## WORK ORDER:
Copy the listing that follows exactly. Its pictures do not belong in the copy.

## SOURCE DATA:
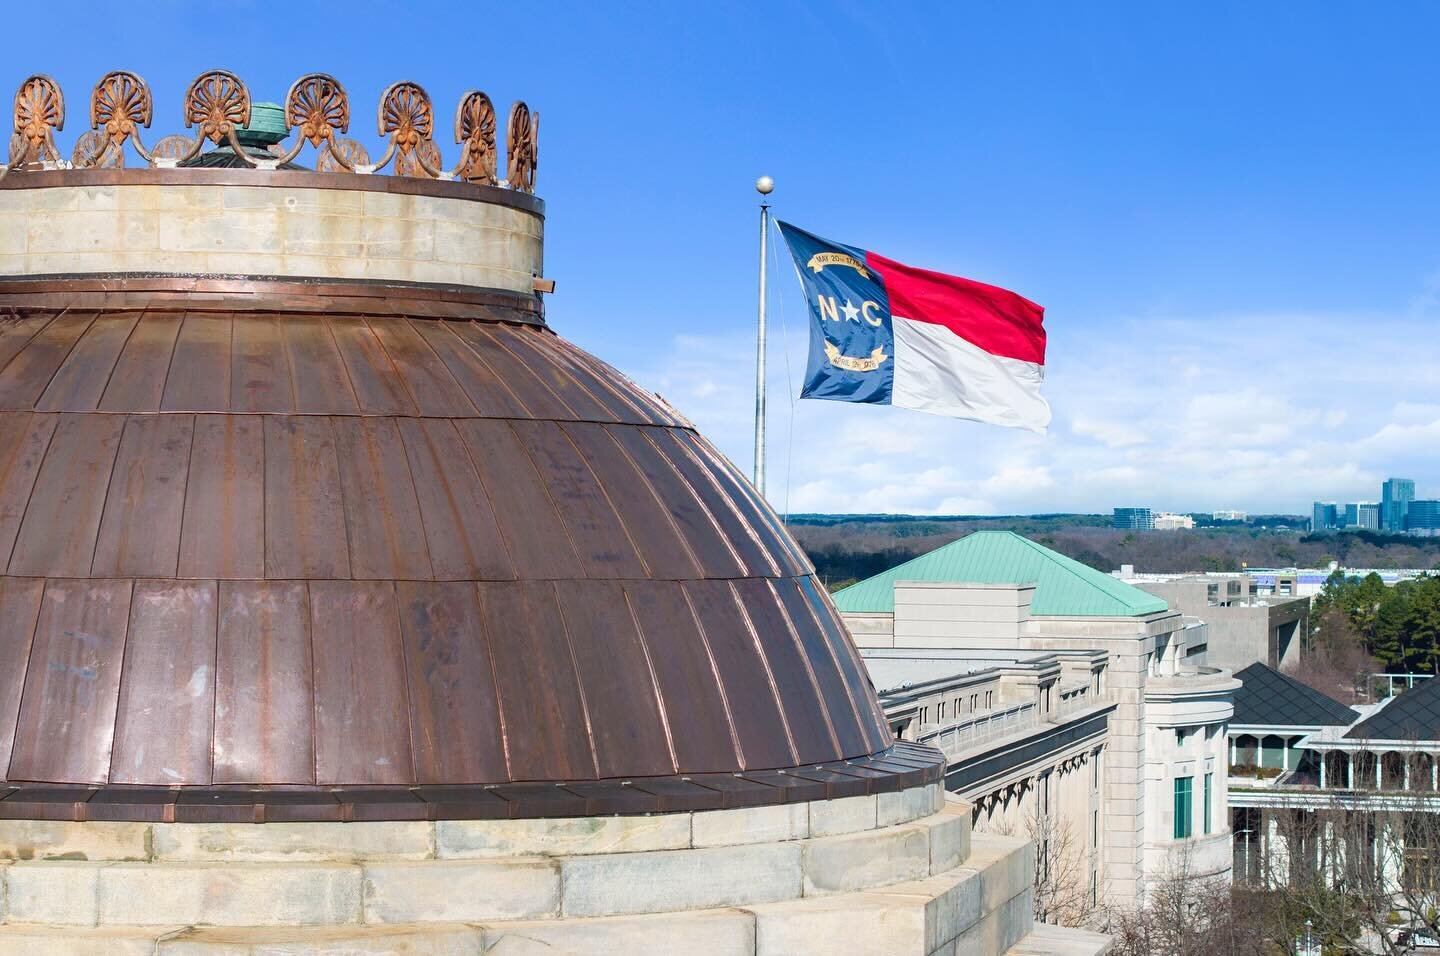 Beautiful day at @ncstatecapitol Raleigh, NC! 
&bull;
#raleighnc #dronephotography #statecapitol #ncstatecapitol #copperdome #newroof #ncflag #raleighphotographer

## OUTPUT FOR THIS EXERCISE:
 Beautiful day at @ncstatecapitol Raleigh, NC! 
&bull;
#raleighnc #dronephotography #statecapitol #ncstatecapitol #copperdome #newroof #ncflag #raleighphotographer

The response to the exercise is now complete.